We implemented Algorithm 1 in C++ based on code from ropeBWT2 (Li, 2014). After creating the index of the reference set R, our code executes Algorithm 1 on each target string $t \in T$ while also keeping track of the number of times each specific string is seen (Fig. 2). As each target, string can be processed independently, our code is embarrassingly parallel.
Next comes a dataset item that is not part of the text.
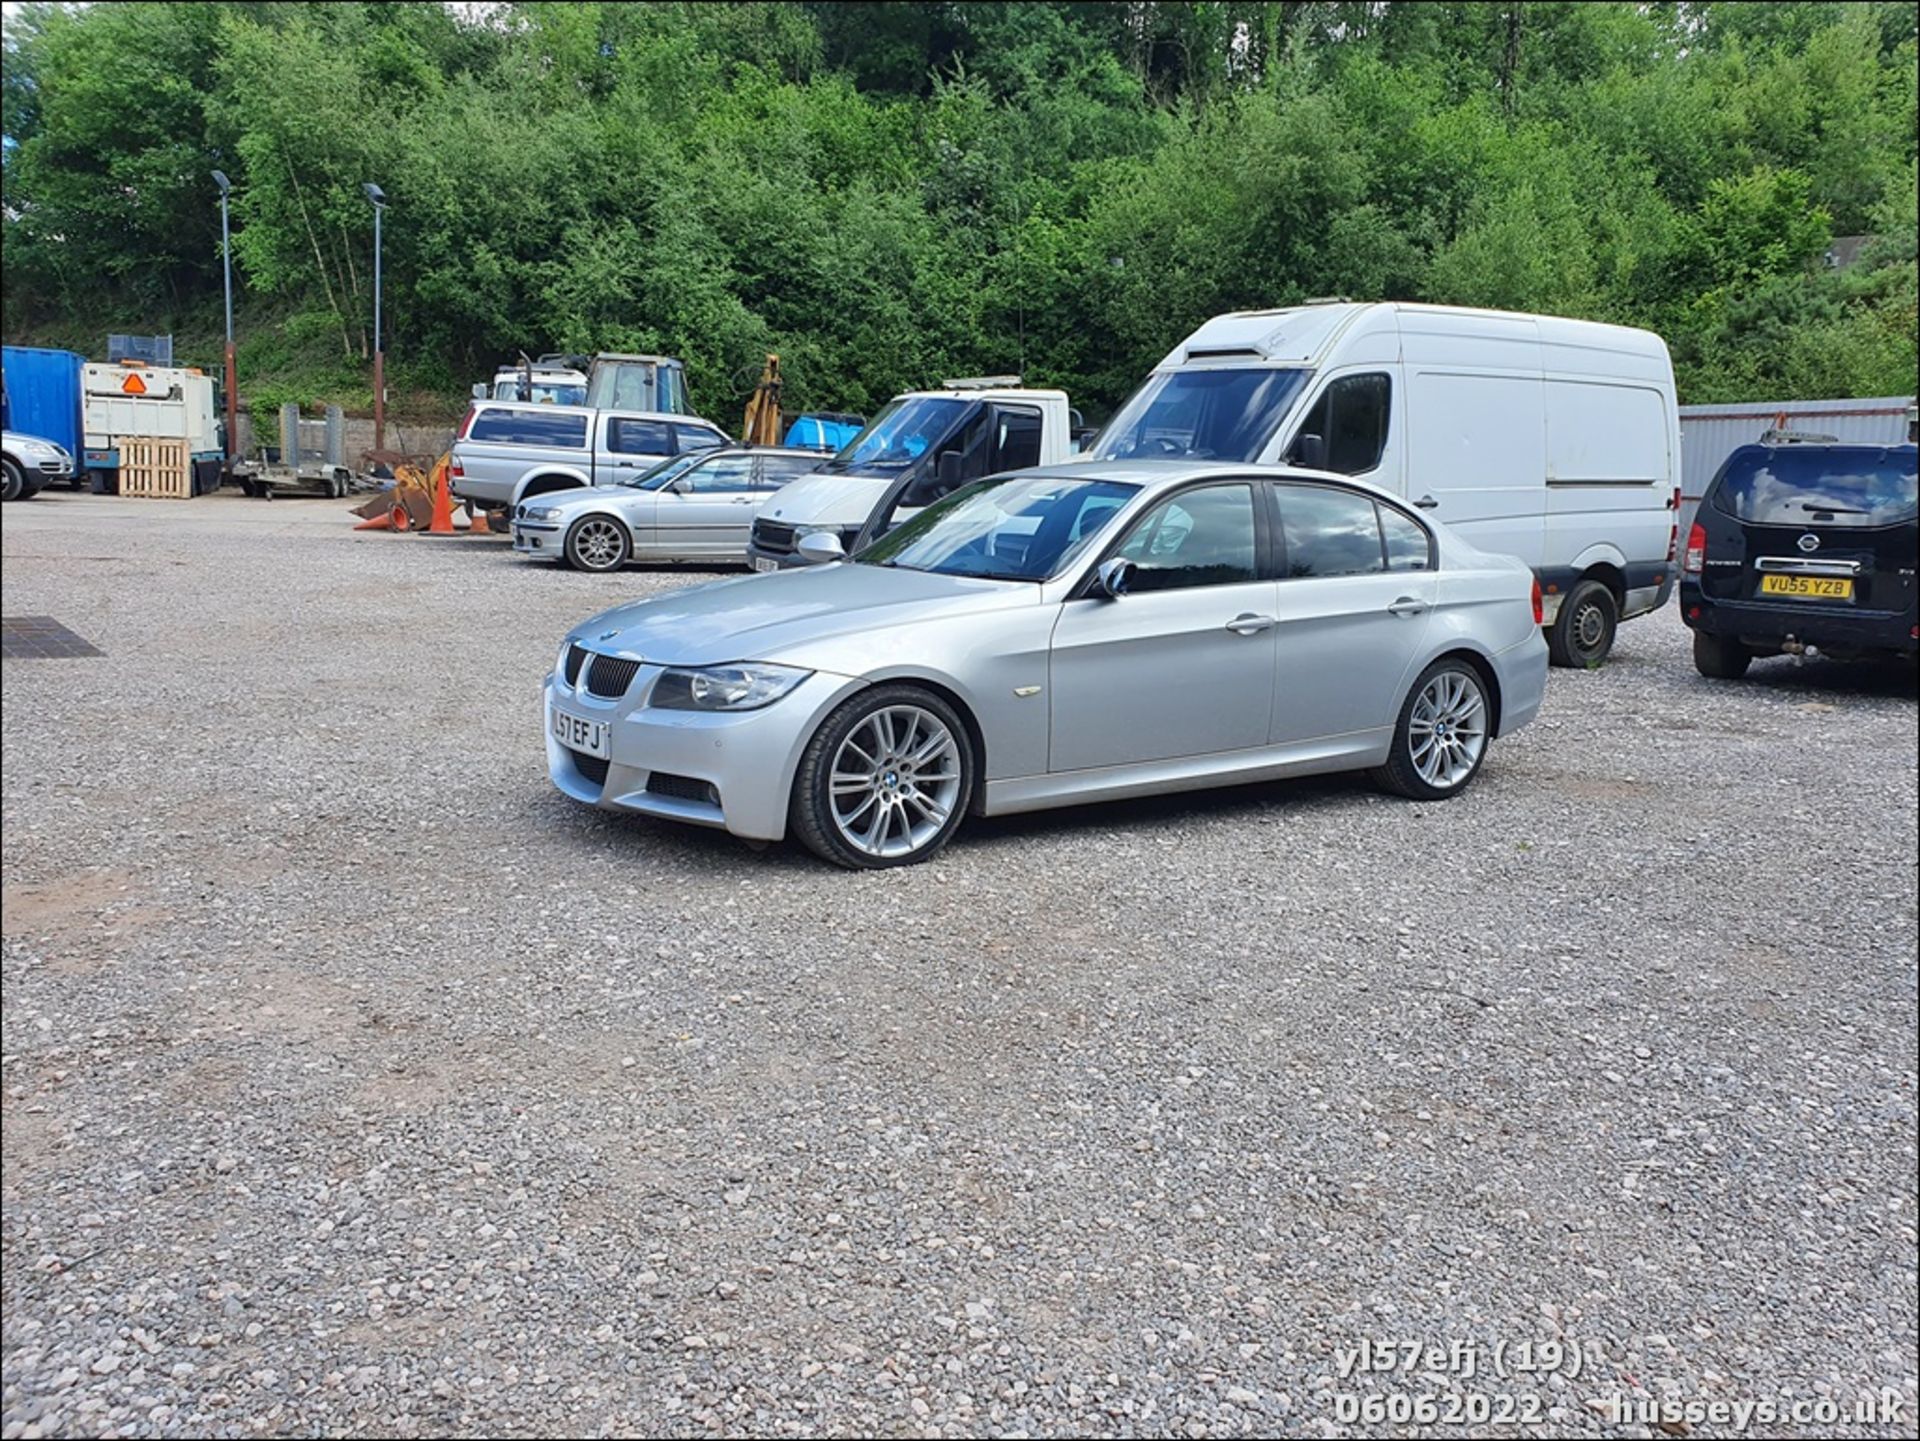 08/57 BMW 330D M SPORT AUTO - 2993cc 4dr Saloon (Silver) - Image 19 of 40

Once all target strings have been analyzed, a postprocessing step combines the smaller solutions into the final solution of the SFS problem. In order to remove specific strings produced by sequencing errors when our method is run on WGS data, the postprocessing step can filter out all the specific strings occurring less than τ times, with τ being a user-defined cutoff. Our implementation is freely available at https://github.com/Parsoa/PingPong.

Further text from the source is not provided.